Ryan Erickson has published the Arctic SAR boundaries on the Naval Institute Blog. Looking at this chart got me thinking about ice capable ships. That of course lead to looking for similar information on Antarctica, so this is going to be a survey of What nations are interested in the Polar regions? and What do their ice capable fleets look like?
In the Arctic we see territorial sea and EEZ claims by six countries: the US, Russia, Canada, Denmark (reflecting their administration of Greenland), Norway, and Iceland.
Since 1961, claims on the Antarctic have been held in abeyance because of the Antarctic Treaty System, but the claims are still on the table and may be reasserted in the future. Seven countries have made territorial claims. The US and Russia have made no claims, but have reserved the right to do so prior to entering into the treaty. While some territory has not been claimed, there are also overlapping claims, and there is the potential that there will be additional claimants in the future.
In total, there are twelve countries with claims in the Arctic and Antarctic: Argentina, Australia, Canada, Chile, Denmark, France, Iceland, New Zealand, Norway, Russia, the UK, and the US.
In addition, seven other countries maintain stations in Antarctic: China, Germany, India, Italy, Japan, South Africa, and the Ukraine.
Three countries have claims or potential claims in both the Arctic and the Antarctic: the US, Russia, an Norway.
Turning to the icebreakers. There is a pretty good listing of the World’s icebreakers here. In the notes below I will refer to “large icebreakers;” here that will mean over 10,000 tons.
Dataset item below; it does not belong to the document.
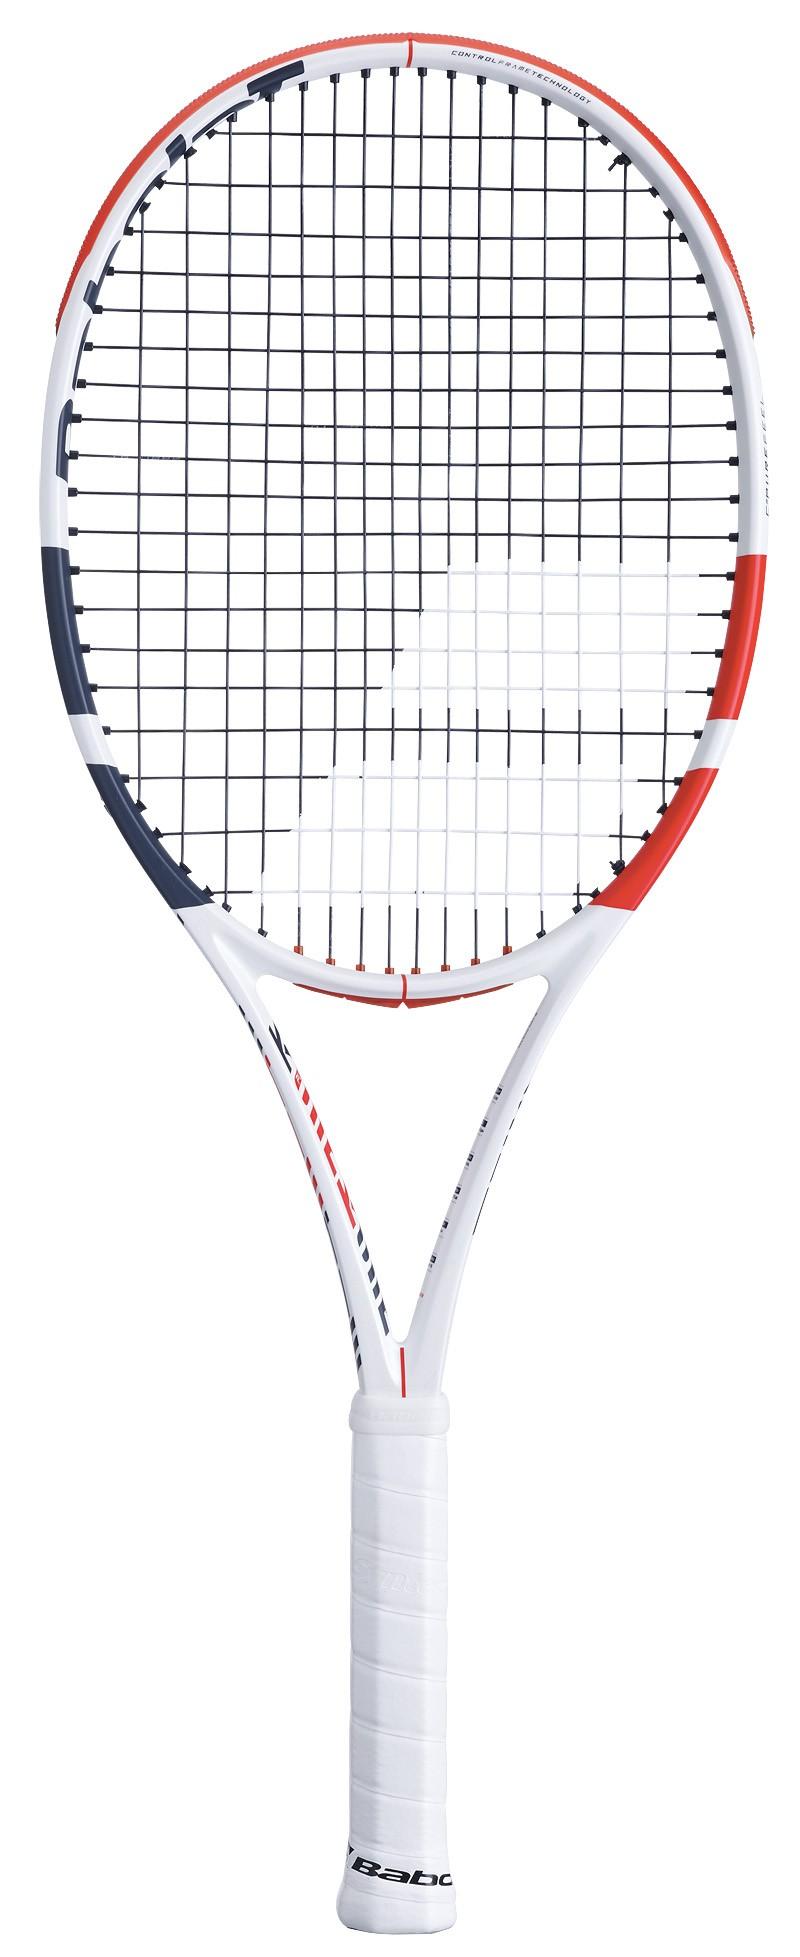 Rakieta tenisowa Babolat Pure Strike 100 3.gen

Of the twelve countries with claims or potential claims, ten have icebreakers. Only four of the twelve countries have large icebreakers, Argentina, Canada, Russia, and the US. Not surprisingly Russia has by far the largest fleet with over 20 icebreakers of which at least 9 are “large” and most of these are nuclear powered. Of the rest, only the US has more than one large icebreaker, and as we know, only one of those is operational in the short run. Canada has about 19 icebreakers, but of these, only six of these are rated PC5 (Year-round operation in medium first-year ice which may include old ice inclusions) or better. Only one of these is a large icebreaker.
Perhaps surprisingly China, Germany, and Japan also each have one large icebreakers. Reportedly, China is planning a second (sorry, I don’t have a reference).
Relatively few of the icebreakers have any weapons. Only the six ships of the 3,400 ton, 229 foot, Russian Ivan Susanin Class and Norway’s 6,375 ton, 340 foot Svalbard are obviously armed. Canada is planning to build six to eight armed vessels similar to the Svalbard. Very few icebreakers are considered part of their respective Navy or Coast Guard. This may be changing, but for now, unlike the USCG the Canadian Coast Guard has no military or law enforcement responsibility so their vessels are not armed. By contrast there are a number of ice strengthened patrol vessels belonging to the Danish Navy (here and here), Icelandic Coast Guard, New Zealand Navy, and Norwegian Coast Guard that are armed, but they not considered icebreakers. (During the Falklands war, the Argentinian Navy used their icebreaker as a hospital ship.)
A final observation. Looking at the geography, there are several ways to go between the Arctic and the Atlantic, but there is only one way to go between the Arctic and the Pacific. Regardless of the route they take, traffic using the Arctic as a route between the Atlantic and Pacific will all pass the less than 45 mile wide strait between Alaska and Siberia with Big and Little Diomede in the middle. Traffic to or from Asia would likely transit the area south of the strait very near the Russia/US SAR boundary and any other traffic including to/from Australia, New Zealand, or the Americas would transit in the US SAR sector, so the US is likely to get a disproportionate share of the traffic through its sector.
The numbers for the Coast Guard’s projected ice capable vessel requirement that I have heard, 6 vessels including three heavy icebreakers and three other ice capable vessels (smaller icebreakers or simply ice strengthened?) sounds about right. That suggest at least one heavy icebreaker and one of the smaller ships on task at all times or alternately at least two of each seasonally. That reflecting anticipated additional traffic in the Arctic, anticipated exploitation of the Arctic Alaska EEZ and continental shelf, and the largest presence of any nation in Antarctica.